11th Chairman of Bangladesh Public Service Commission
- In office 27 November 2011 – 20 December 2013
- Appointed by: Zillur Rahman
- President: Zillur Rahman Mohammad Abdul Hamid
- Preceded by: Saadat Husain
- Succeeded by: Ikram Ahmed

= A. T. Ahmedul Huq Chowdhury =

A. T. Ahmedul Huq Chowdhury is a former chairperson of Bangladesh Public Service Commission. He is a retired additional inspector general of Bangladesh Police.

== Career ==
In November 2001, Chowdhury was the chief of the Criminal Investigation Department. On 13 November 2001, he was made an officer on special duty and removed from his post after the Bangladesh Nationalist Party government came to power replacing the Awami League government.

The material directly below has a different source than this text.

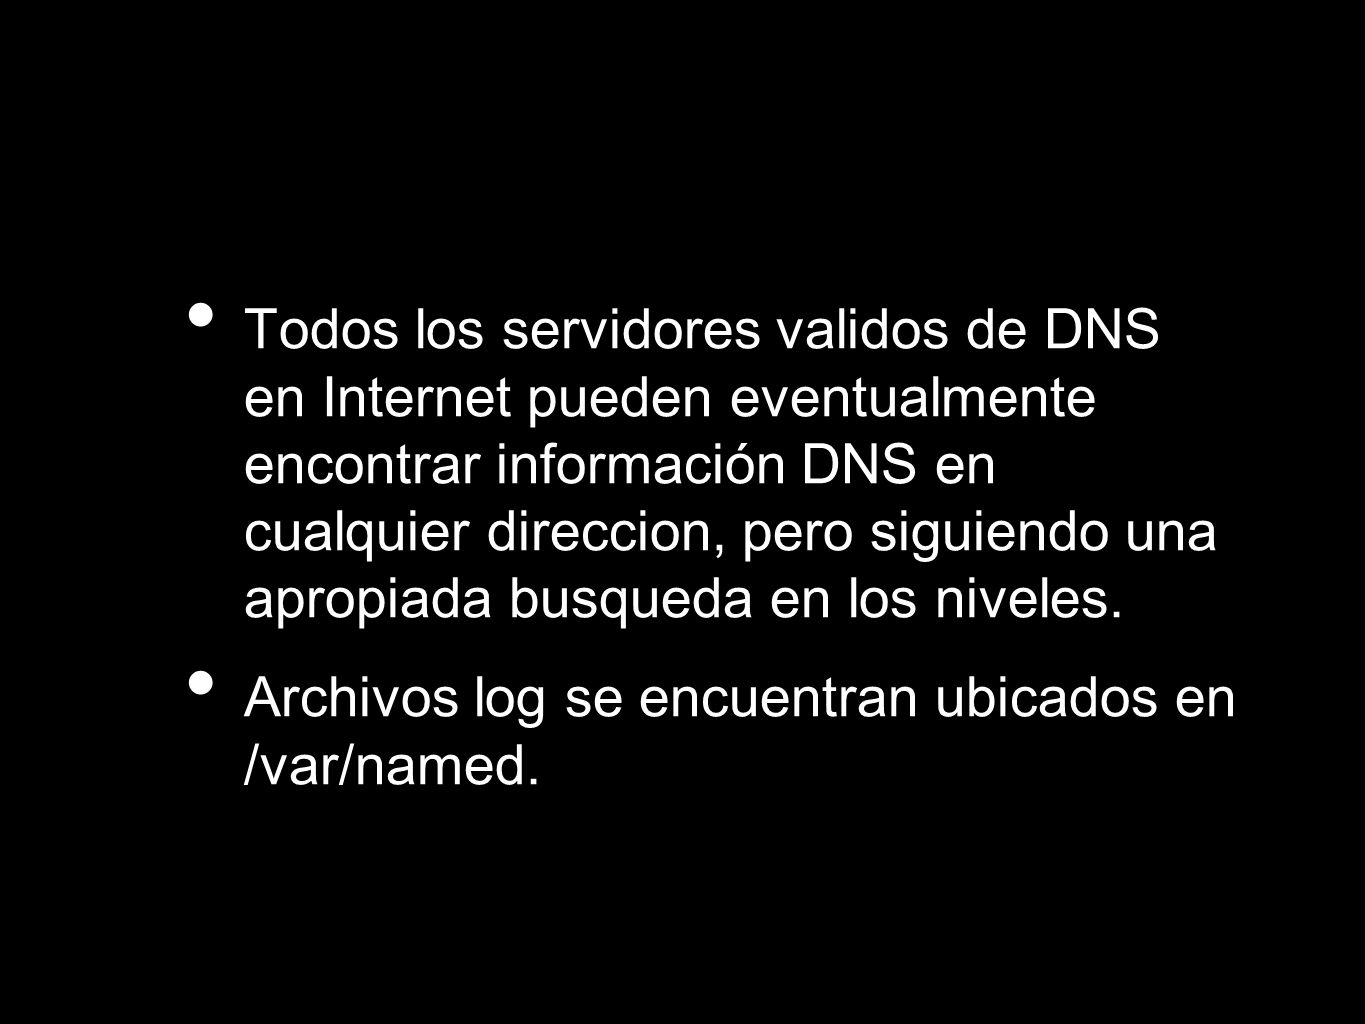 Todos los servidores validos de DNS en Internet pueden eventualmente encontrar información DNS en cualquier direccion, pero siguiendo una apropiada busqueda en los niveles.

Chowdhury joined the Public Service Commission on 23 June 2009. He had been serving in Bangladesh Police as an additional inspector general.

Chowdhury was appointed chairman of the Bangladesh Public Service Commission in November 2011. During his tenure, the commission canceled results of the 34th Bangladesh Civil Service preliminary exam and announced a new result without the usage of quota. This faced criticism from the indigenous communities whose candidates names were dropped from the revised list. In January 2012, he served in the search committee for the Bangladesh Election Commission. The search committee appointed Kazi Rakibuddin Ahmad Chief Election Commissioner of Bangladesh.

In December 2013, Ikram Ahmed succeeded Chowdhury as chairman of the Bangladesh Public Service Commission.

Chowdhury is a trustee board member of Hamdard Laboratories (WAQF) Bangladesh. He is the chairperson of the disciplinary committee of Hamdard University Bangladesh.